WORK INSTRUCTIONS: Print the lines in the listing below starting at the line with "ASH アロマ検定 2級" and ending at the line with "еловая ветка открытка", both included. Reproduce them exactly and omit every picture.

DATA EXTRACT:
═══
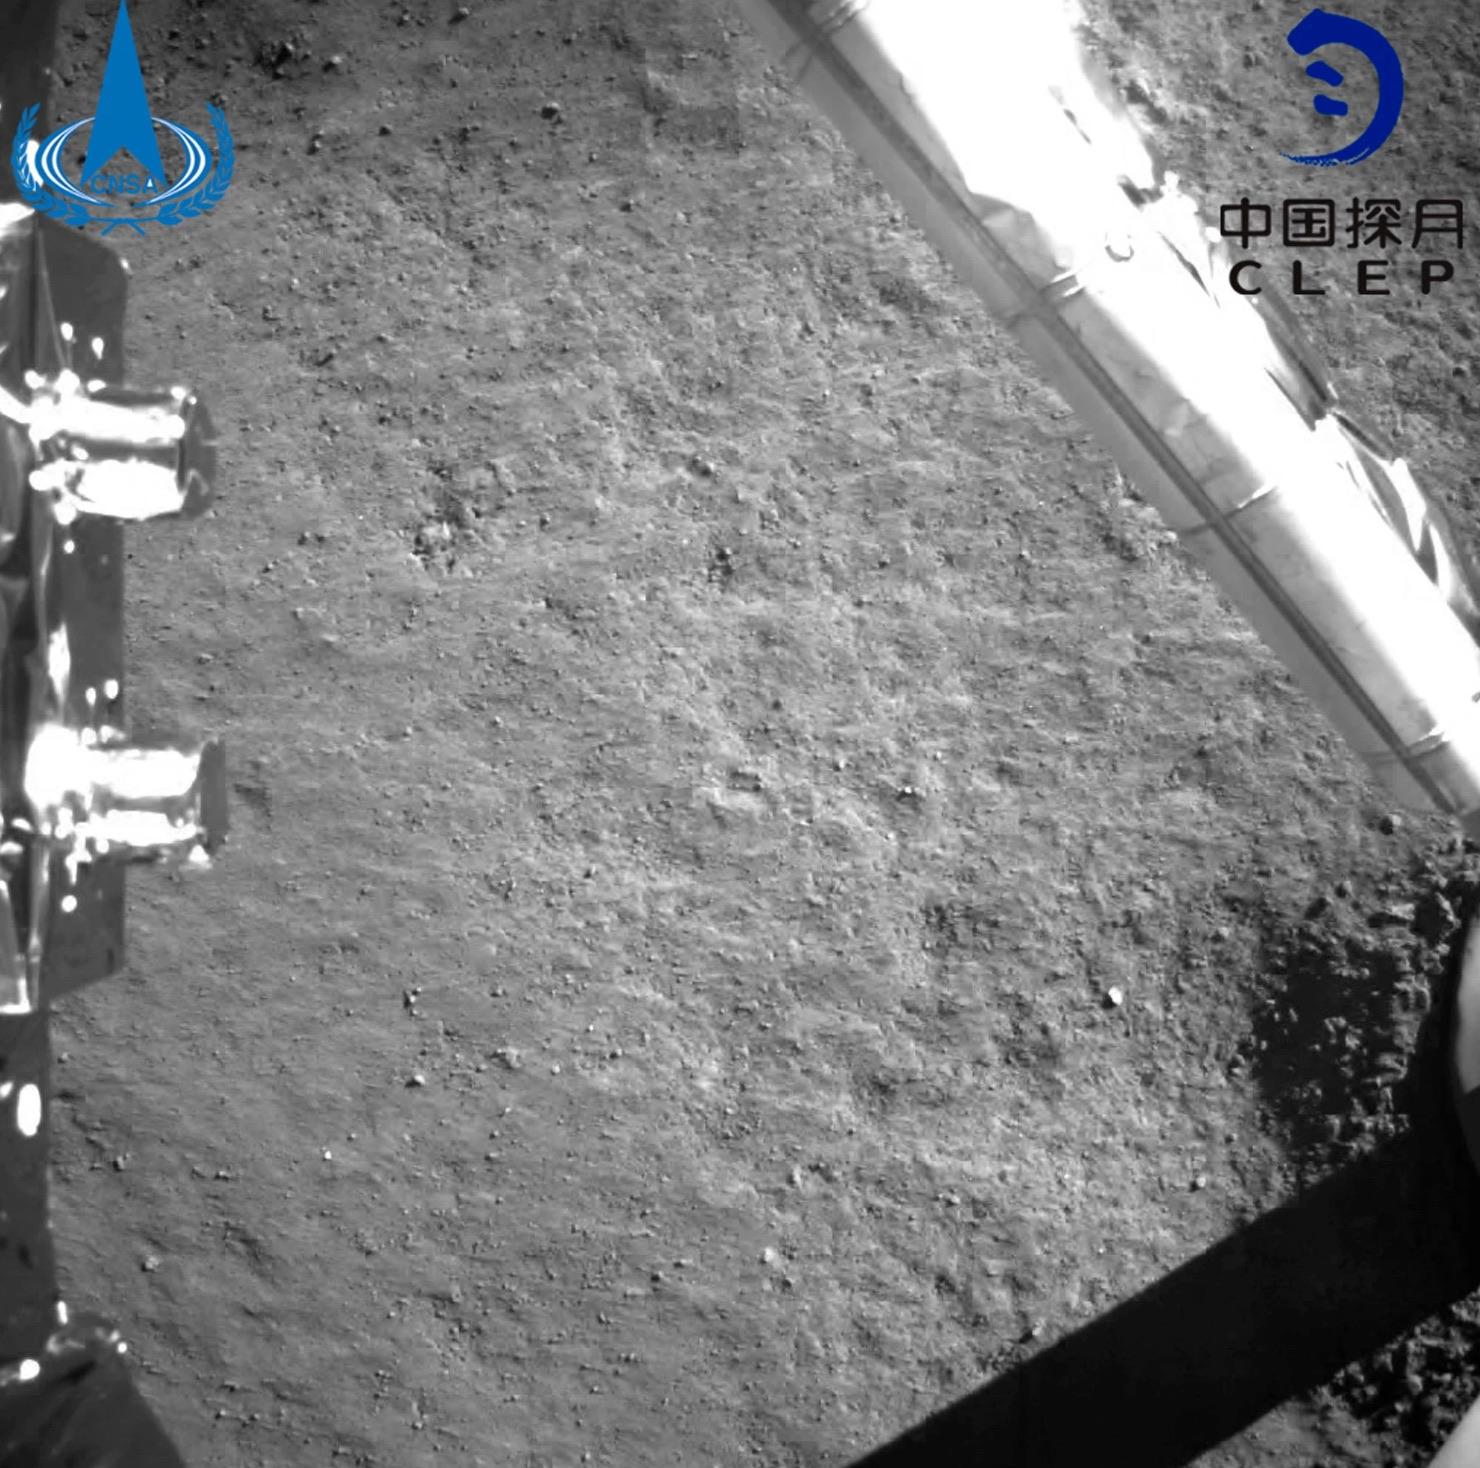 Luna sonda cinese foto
═══
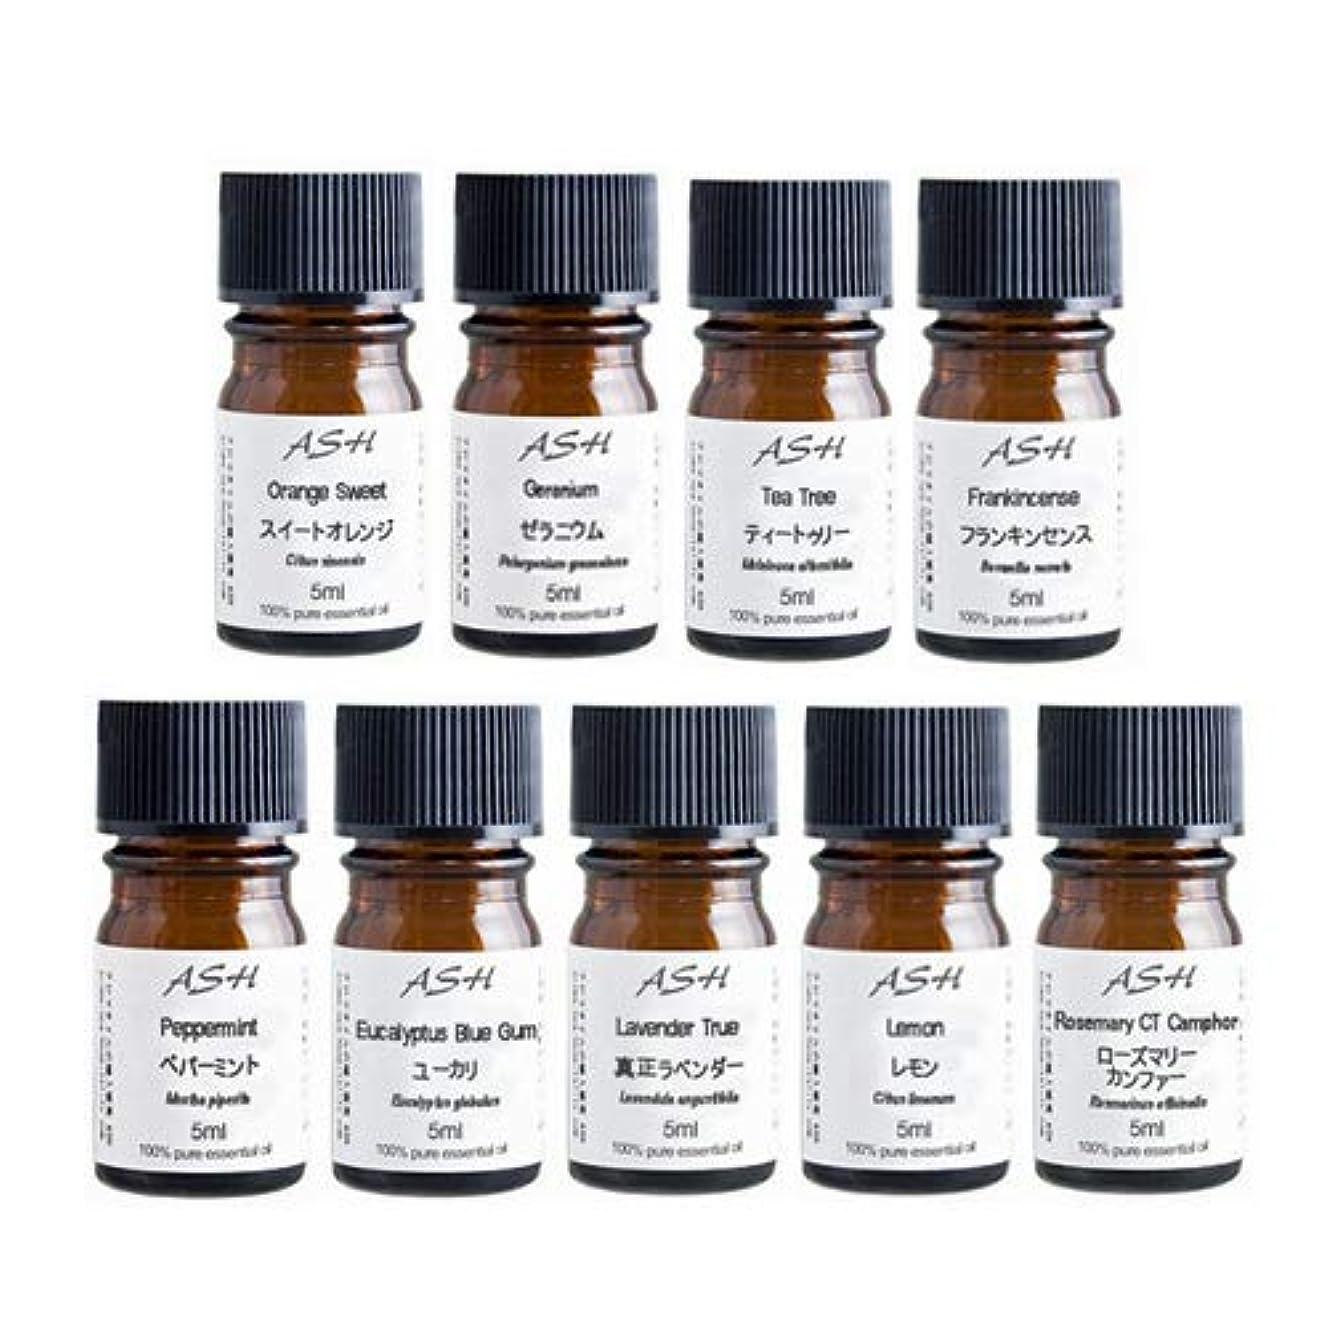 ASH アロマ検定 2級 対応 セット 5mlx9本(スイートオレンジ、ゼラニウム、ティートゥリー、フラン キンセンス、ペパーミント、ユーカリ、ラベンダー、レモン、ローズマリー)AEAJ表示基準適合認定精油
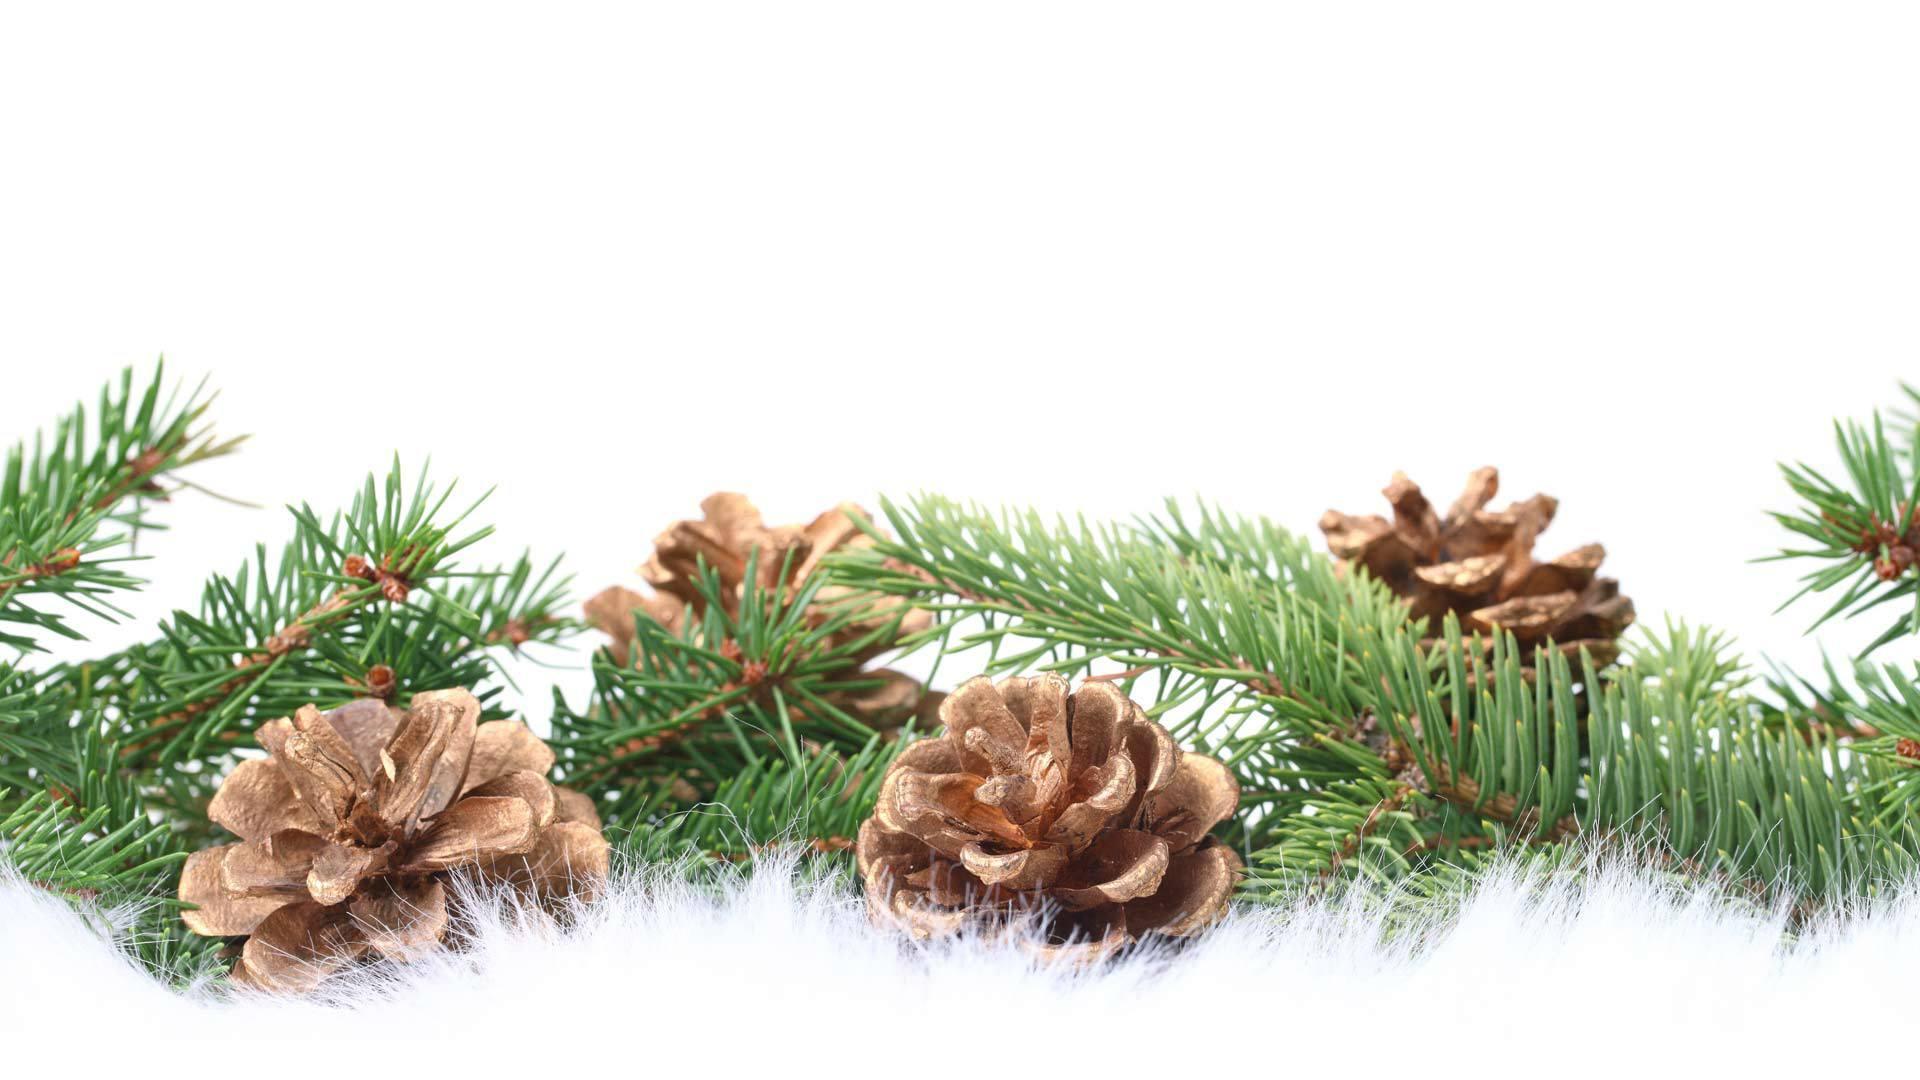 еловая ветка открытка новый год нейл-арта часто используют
═══
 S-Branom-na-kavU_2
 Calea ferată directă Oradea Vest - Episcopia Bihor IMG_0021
═══
RESULT BELOW:
 ASH アロマ検定 2級 対応 セット 5mlx9本(スイートオレンジ、ゼラニウム、ティートゥリー、フラン キンセンス、ペパーミント、ユーカリ、ラベンダー、レモン、ローズマリー)AEAJ表示基準適合認定精油
 еловая ветка открытка новый год нейл-арта часто используют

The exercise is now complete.